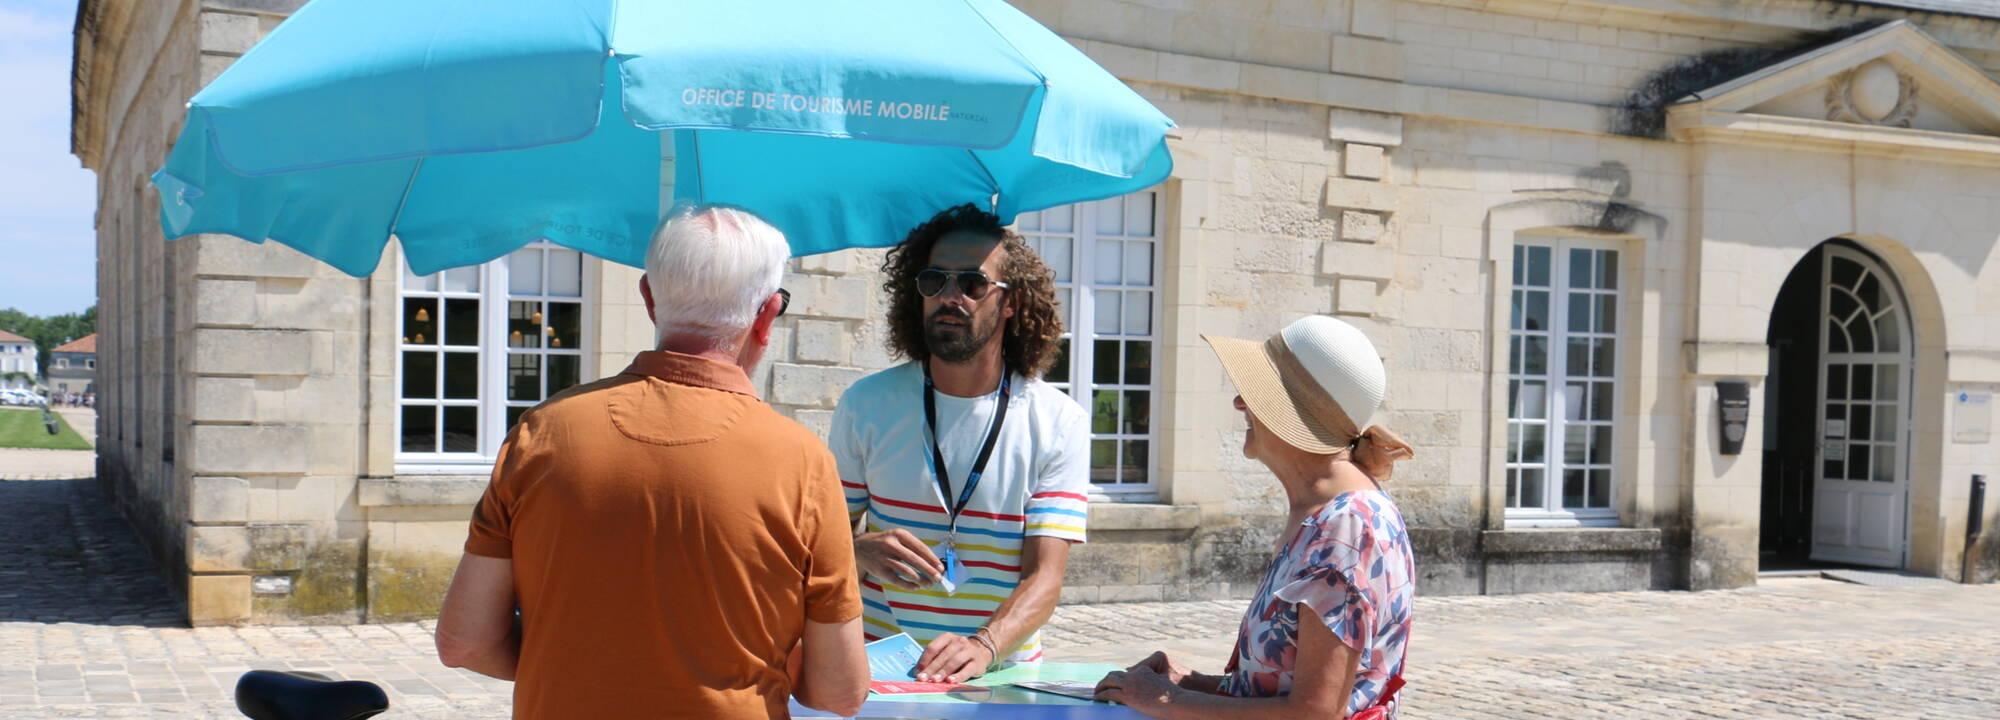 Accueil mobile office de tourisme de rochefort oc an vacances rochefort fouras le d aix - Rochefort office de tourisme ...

·····

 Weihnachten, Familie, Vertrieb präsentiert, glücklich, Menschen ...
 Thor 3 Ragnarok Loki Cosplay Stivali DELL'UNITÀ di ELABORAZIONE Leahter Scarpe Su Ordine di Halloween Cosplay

·····

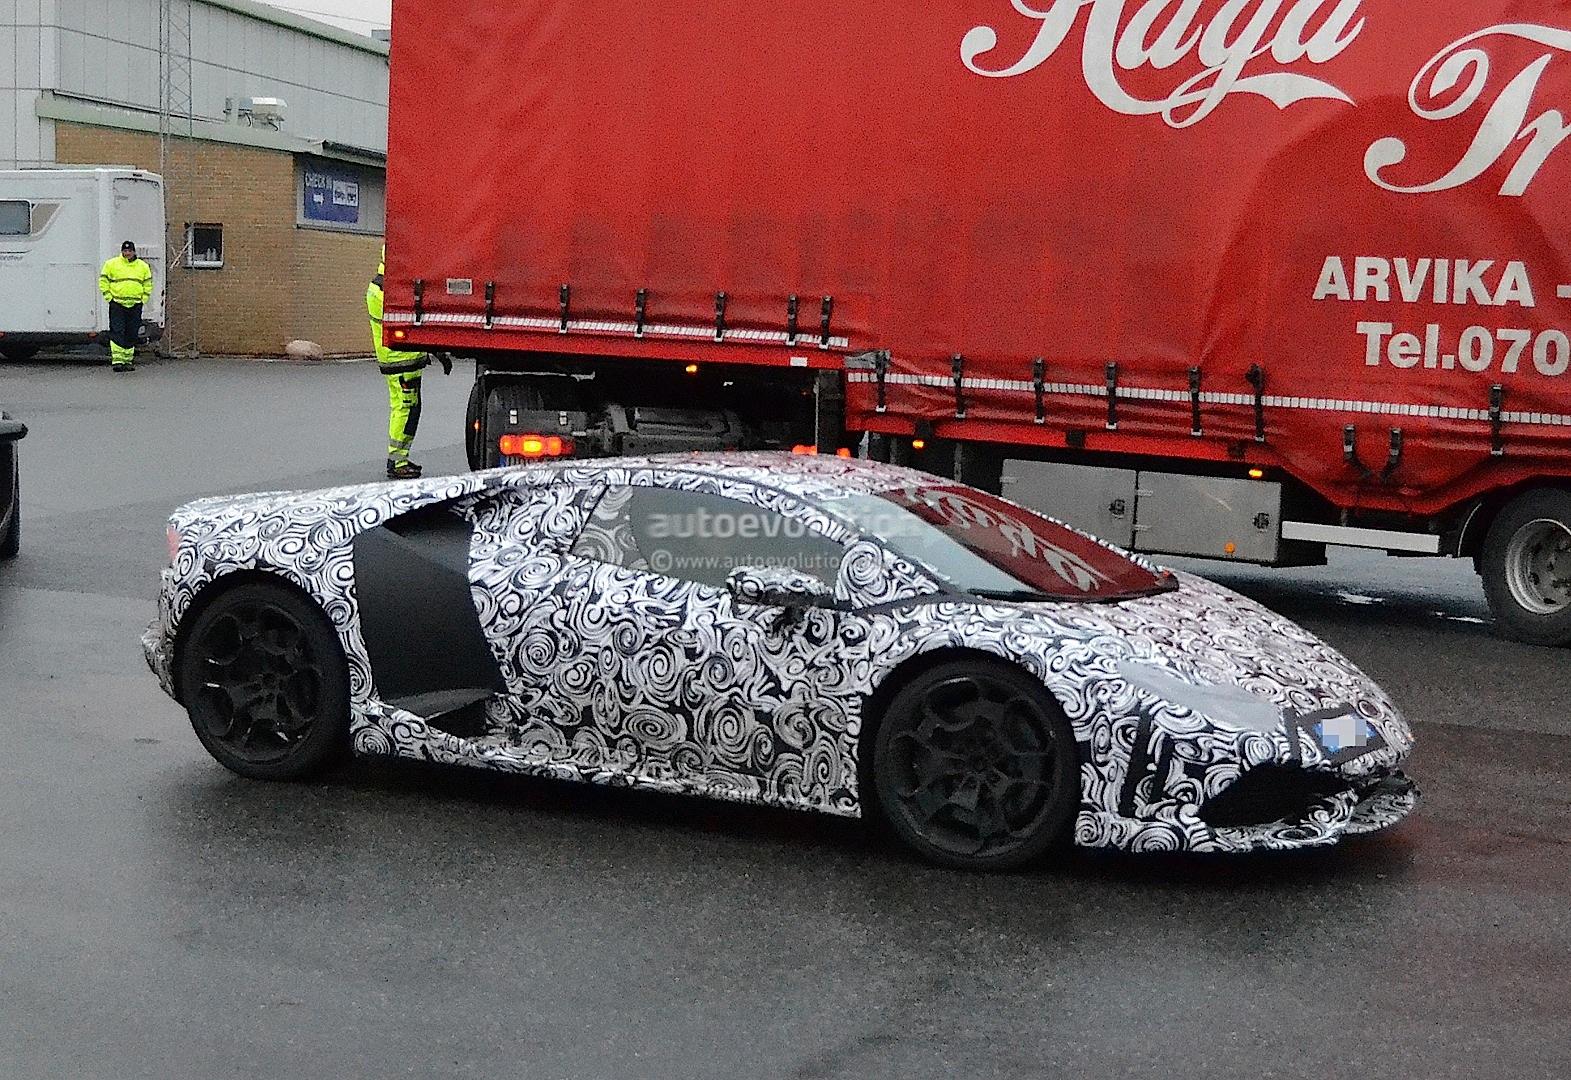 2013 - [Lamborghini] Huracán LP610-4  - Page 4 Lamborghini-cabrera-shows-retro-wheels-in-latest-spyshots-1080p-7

·····

What you have to do:
After locating the line with "Weihnachten, Familie, Vertrieb" above, return that line and every later line through the one with "Thor 3 Ragnarok", word for word and with nothing else.

Answer to the exercise:
 Weihnachten, Familie, Vertrieb präsentiert, glücklich, Menschen ...
 Thor 3 Ragnarok Loki Cosplay Stivali DELL'UNITÀ di ELABORAZIONE Leahter Scarpe Su Ordine di Halloween Cosplay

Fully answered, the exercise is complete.